To prevent classifiers from using the explicit mentions and synonyms of the lymphoma types, we exclude phrases overlapping with a Medical Subject Heading (MeSH)35 of ‘lymphoma’ or ‘leukemia’. We also exclude phrases that match a set of manually constructed patterns aiming to catch abbreviations and synonyms of the target lymphomas that may be missed by MeSH. Please refer to the online supplement for more details.

Data collection

Our corpus consists of Massachusetts General Hospital (MGH) pathology reports in the Research Patient Data Registry (RPDR)36 database. An MGH pathology report consists of standard and semi-standard sections as shown in figure 1.

Figure 1

Massachusetts General Hospital pathology reports usually contain four sections with almost all information retained as narrative text. Clinical data, the first section, include patient age, medical history, and ongoing treatment procedures, etc. The second section, morphology and immunohistochemistry, describes cellular structural alterations appearing under a light microscope aided by a variety of dyes, some of which are conjugated to cell-specific antibodies. The third section is on flow cytometry, which describes the characteristic expression of various surface antigens on cells. The individual or combined percentages of antigens (eg, CD20, CD5 and CD10) are reported. Also reported are pathologists’ interpretations, which characterize these numbers (eg, + (ie, positive) or − (ie, negative)) relative to reference values. The fourth section is on cytogenetics, which records the presence of chromosomal aberrations such as translocations, insertions, and deletions, in the form of a ‘karyotype’ using a standardized nomenclature55 that is not natural language processing friendly. However, the accompanying ‘interpretation’ section describes these aberrations in narrative text. Dates and age etc are replaced with realistic surrogates for deidentification.

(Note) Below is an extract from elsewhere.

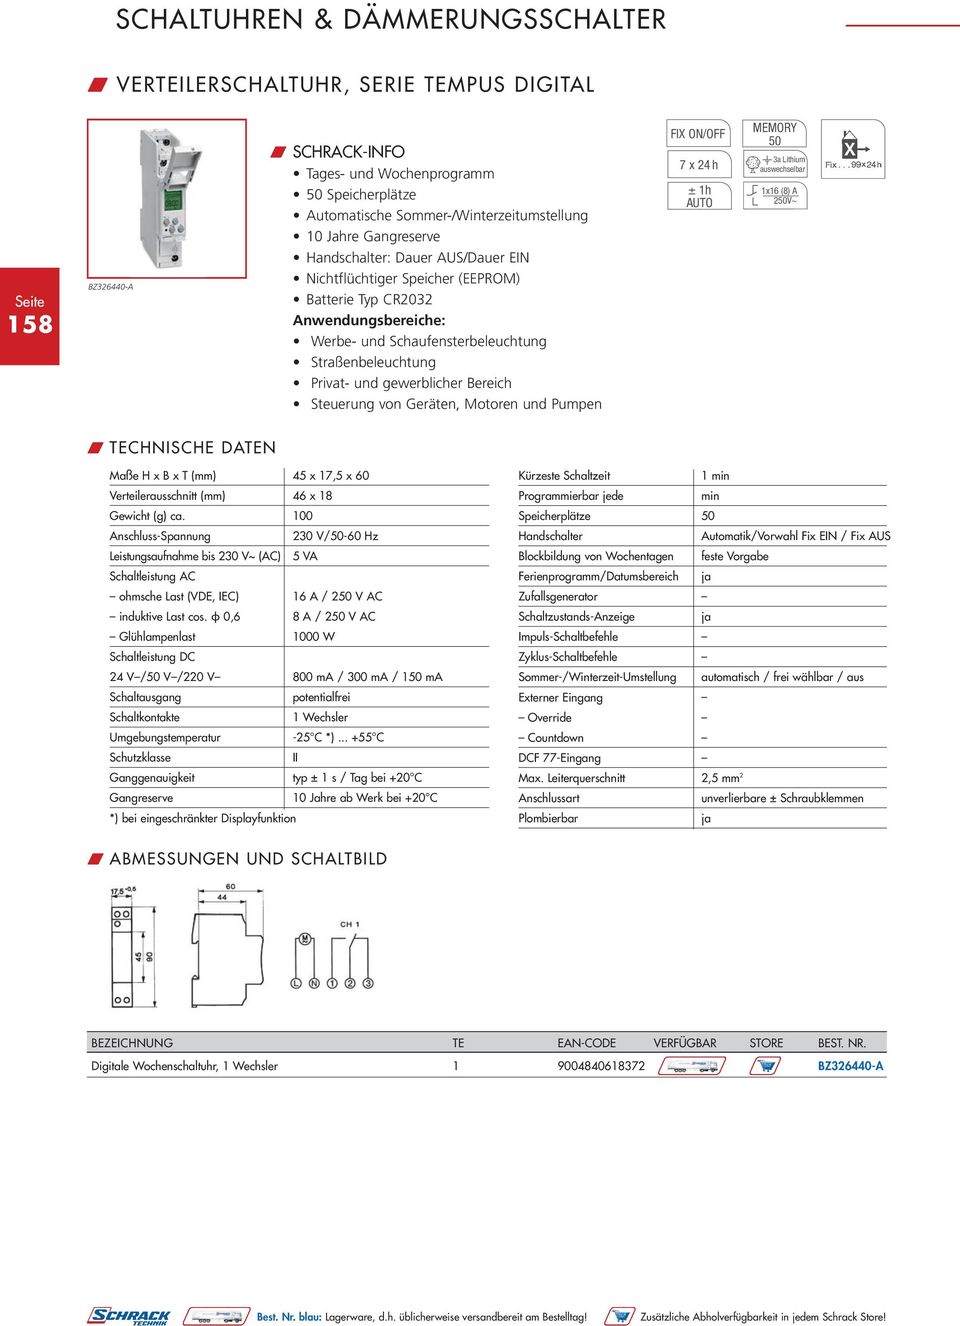 (8) A 45 x 17,5 x 60 46 x 18 100 230 V/50-60 Hz Leistungsaufnahme bis 230 V~ (AC) 5 VA ohmsche Last (VDE, IEC) 16 A / 250 V AC induktive Last cos.

For this project, we focused on the following four lymphomas: diffuse large B-cell lymphoma (DLBCL; the most common lymphoma), Burkitt lymphoma (the most aggressive lymphoma), follicular lymphoma (the second most common lymphoma), and Hodgkin lymphoma (the most common lymphoma in young patients). We obtained our patient cases by having two MGH medical oncologists and one hematopathologist review pathology reports of patients diagnosed between 2000 and 2010, and collected 1038 cases in which the written diagnosis (in the final diagnoses section) has one or more of the four lymphomas.

Methods

We first preprocessed our corpus using sentence breaking, tokenization, and POS tagging, with customizations to medical corpora. We then performed a two-phase sentence-parsing step, grouping token subsequences that match concept unique identifiers (CUIs) in the Unified Medical Language System (UMLS) Metathesaurus16 as parsing units to Stanford Parser instead of individual tokens. For the UMLS CUI matching, we experimented with the entire set or subsets of CUIs and chose the following approach, which balances the coverage and accuracy on our data. If the token subsequence had only one CUI match, this CUI was used. If the token subsequence had multiple CUI matches, we selected the one supported by the most sources. If there was a tie, we preferred the CUI supported by Systematized Nomenclature of Medicine—Clinical Terms (SNOMED CT)37 if there was one, or flipped a coin otherwise. For Stanford Parser, we chose the lexicalized parser. We refer the reader to the online supplement for more details, and focus on the sentence subgraph framework.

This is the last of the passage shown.